Mezoameryka, natura, przyroda, motmot, toh, piłodziób
Motmot to prawdziwy rarytas ornitologiczny. Ptak o groteskowej budowie ogona, składającego się z dwóch lotek, umieszczonych na dwóch długich antenach. Nazwa motmot to onomatopeja, pochodzi ona od dźwięku wydawanego przez jeden z gatunków motmotów (tak naprawdę brzmi bardziej jak uut-uut). Polska nazwa – piłodziób pochodzi od ząbkowanych krawędzi tnących dzioba, spotykanych u większości gatunków.

Motmoty (Momotidae) – piłodzioby to rodzina ptaków kraskowatych, żyjących na kontynentach obu Ameryk, od północy dzisiejszego Meksyku aż po Argentynę (autor widywał motmoty w dolinie Urubambma, w trakcie wykopalisk archeologicznych w Peru). Do rodziny motmotów należy sześć rodzajów ptaków, z których w Mezoameryce najczęściej spotykamy Momotus i Eumomota. Motmoty gniazdują w tunelach wyrzeźbionych w klifach, skarpach, a na Jukatanie również w zagłębieniach krasowych w pobliżu wejść do jaskiń. Na Jukatanie motmoty spotykane są w pobliżu mniej przytłoczonych ruchem turystycznym cenot.





(fot: P.A. Trześniowski 2021)

El Boqueron, Salwador (fot: P.A. Trześniowski 2021)

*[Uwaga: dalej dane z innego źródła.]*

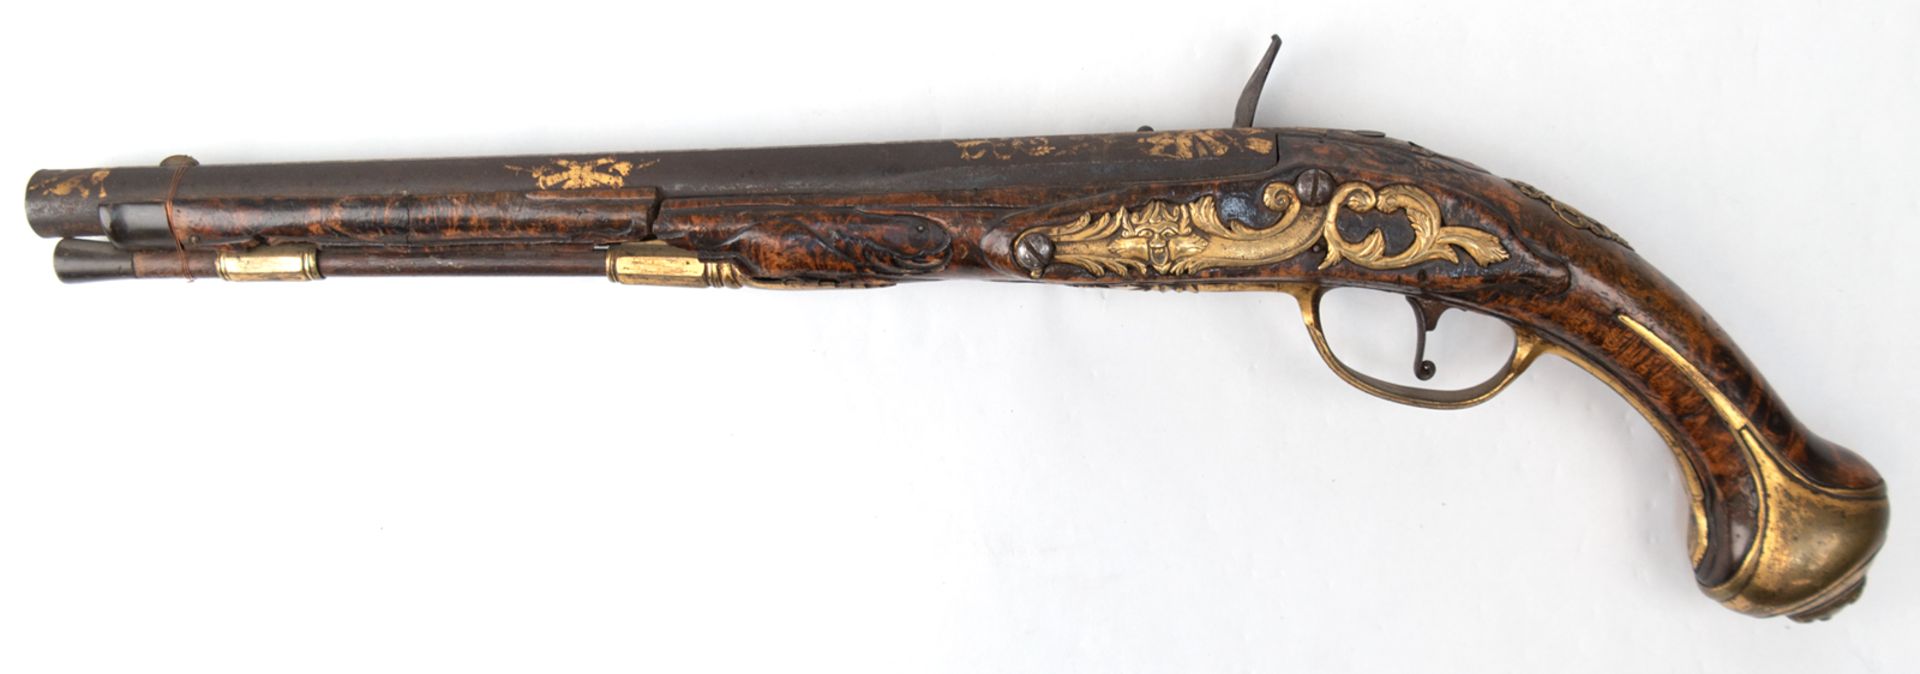 Steinschloßpistole, 18. Jh., nicht funktionstüchtig, Schloß defekt, starke Gebrauchspuren, L. 53 cm - Image 2 of 2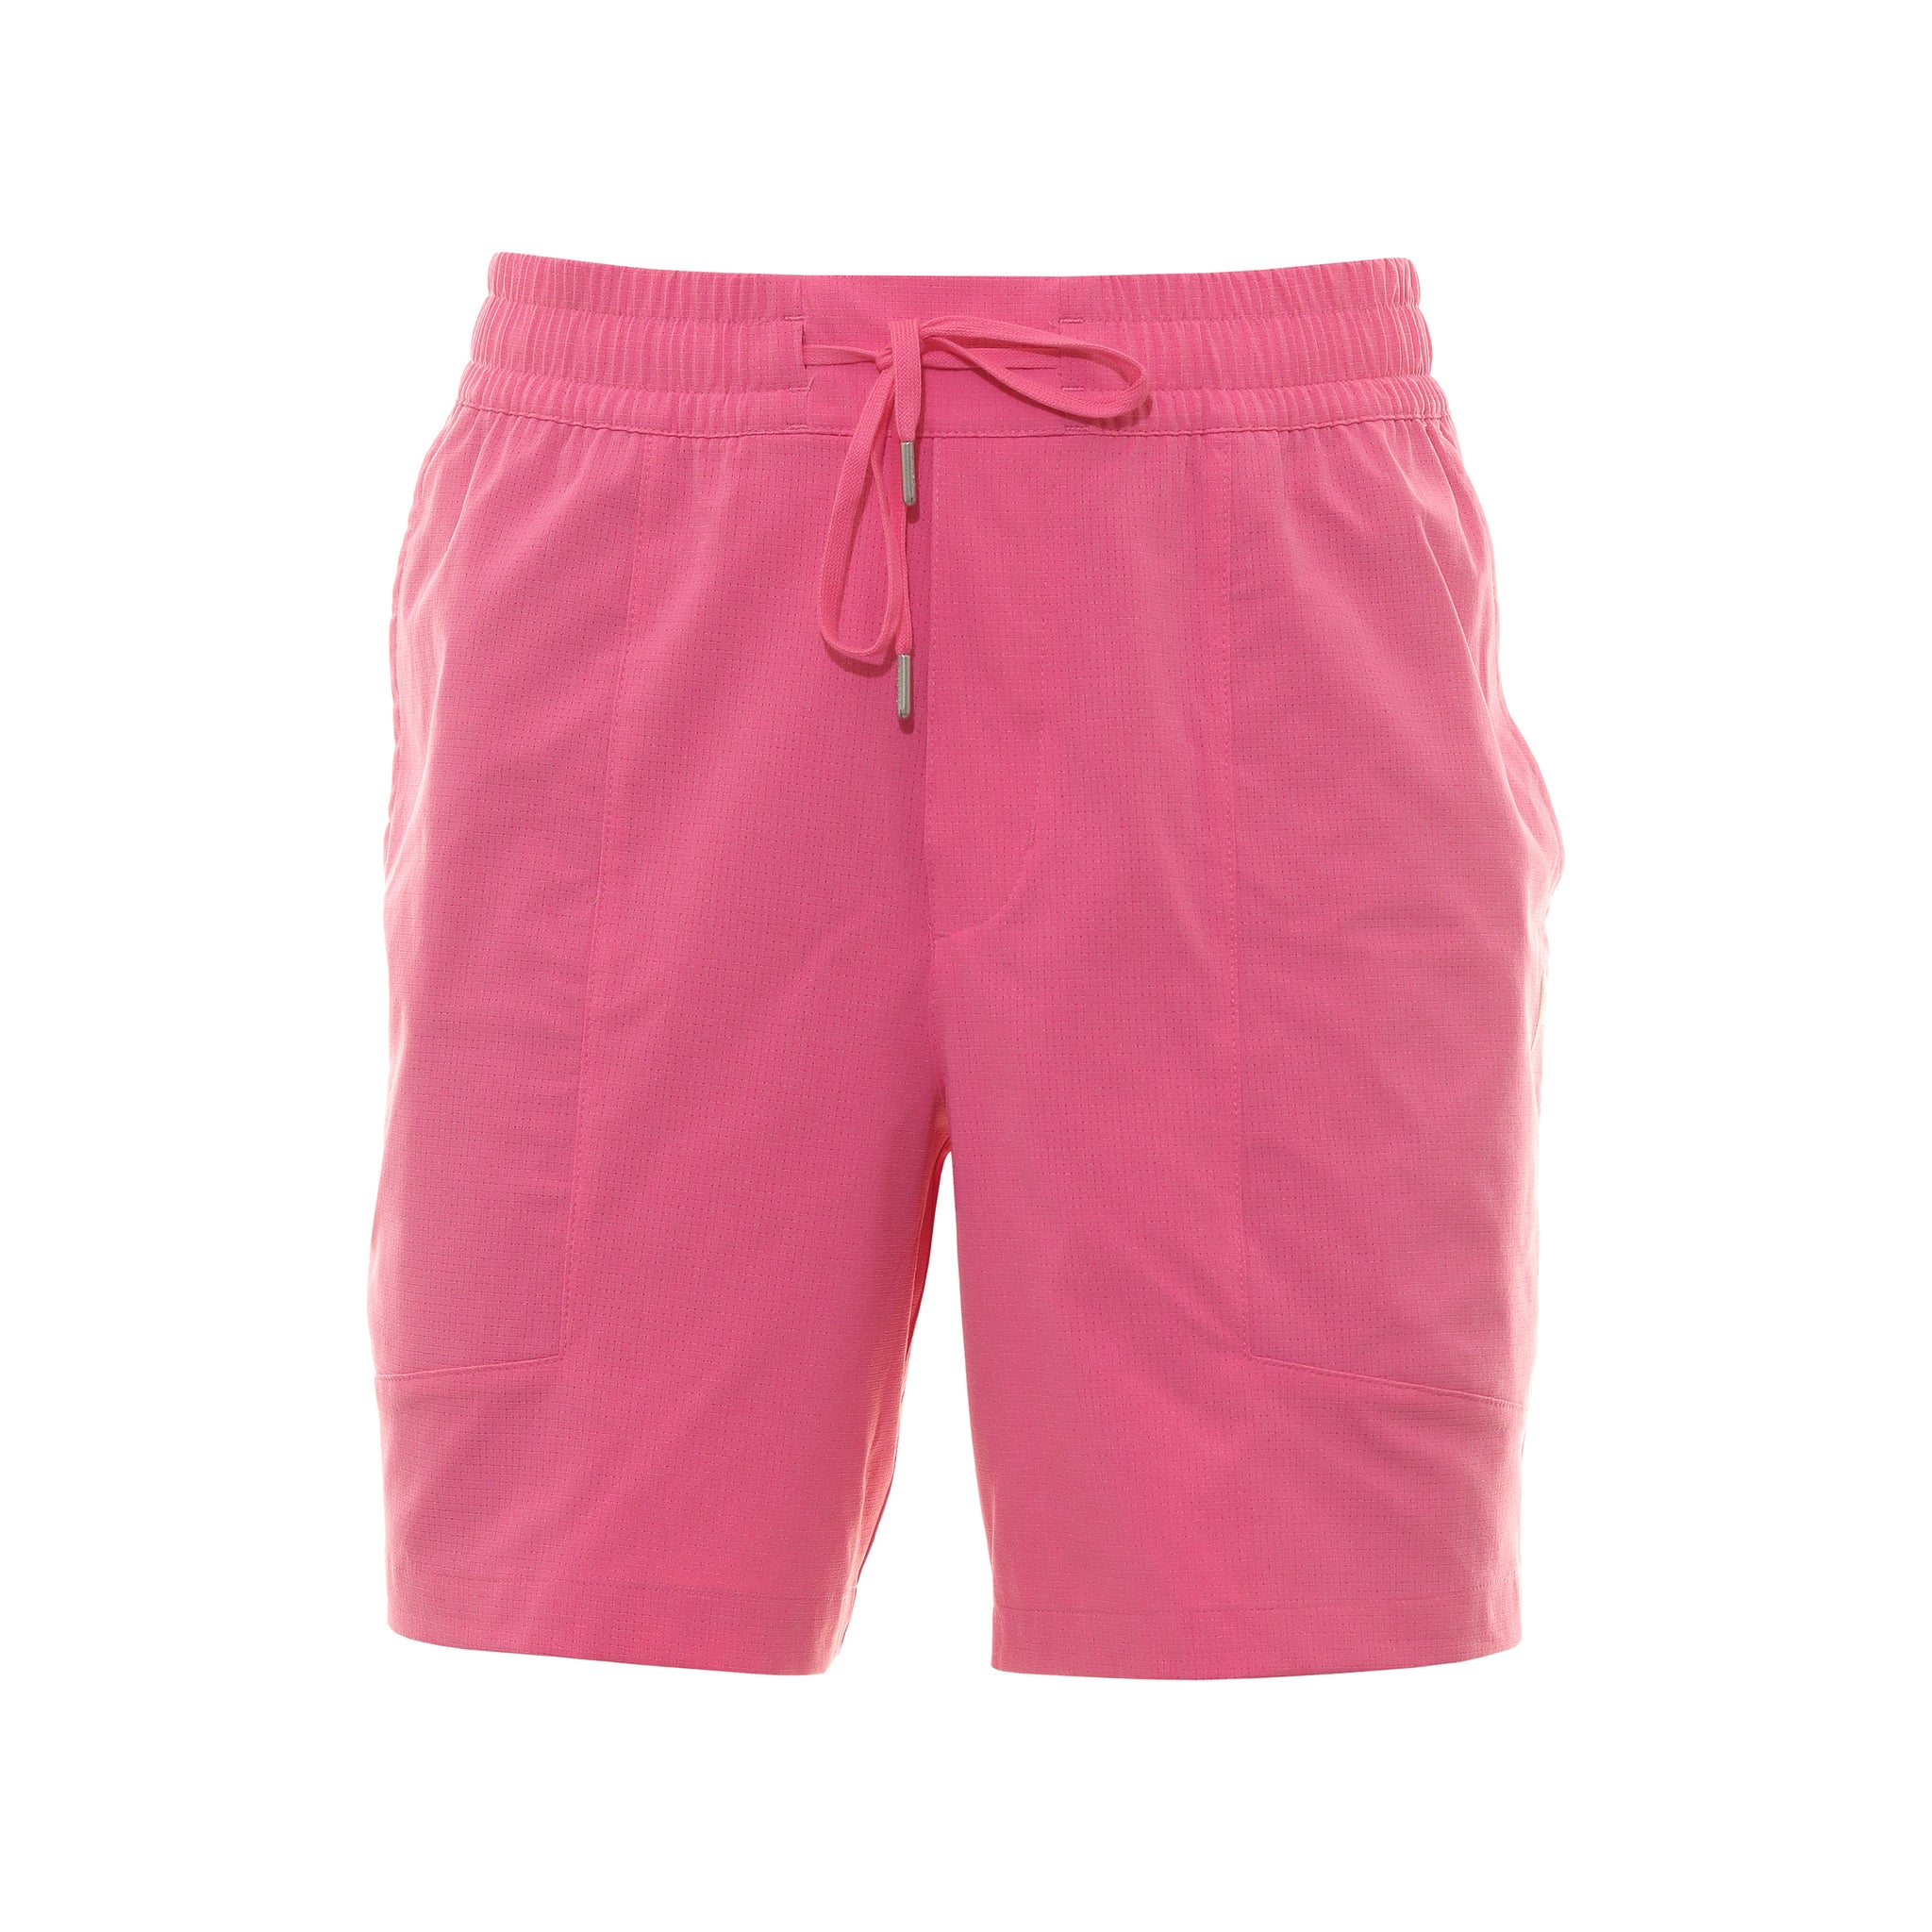 Puma Golf x PTC Vented Shorts 539203 Charming Pink 04 & Function18 ...

(fot: P.A. Trześniowski 2021)

(fot: P.A. Trześniowski 2021)


(fot: P.A. Trześniowski 2021)
Wyprawy ornitologiczne
Poszukiwanie zaginionych stanowisk archeologicznych, pozwala na bliskie obcowanie z przyrodą i rozpoznawanie wielu wartościowych miejsc obserwacji ptaków. Stany Quintana Roo, południowo-wschodnie Campeche, departament Peten w Gwatemali i zachodnie Belize mają idealne warunki na wyprawy ornitologiczne. Jako pierwszy ornitologiczną wartość Jukatanu opisał jeszcze John L. Stephens (1843) Incidents of Travel in Yucatán, vols. 1 & 2, a jednej z wypraw Stephensa i Catherwooda towarzyszył kolekcjoner: „…dr Cabot otworzył przed nami wrota do nowych zainteresowań i pokładów piękna. Aby móc zacząć wreszcie działać jechał sam pierwszym powozem i nim ujechał daleko dostrzegliśmy lufę jego broni wystawioną na bok, a chwilę później padającego ptaka.” – tłumaczenie autora). W dzisiejszych trudnych czasach upadku i powszechnej degradacji środowiska naturalnego, autor pozwala w swojej obecności na polowanie wyłącznie z teleobiektywem.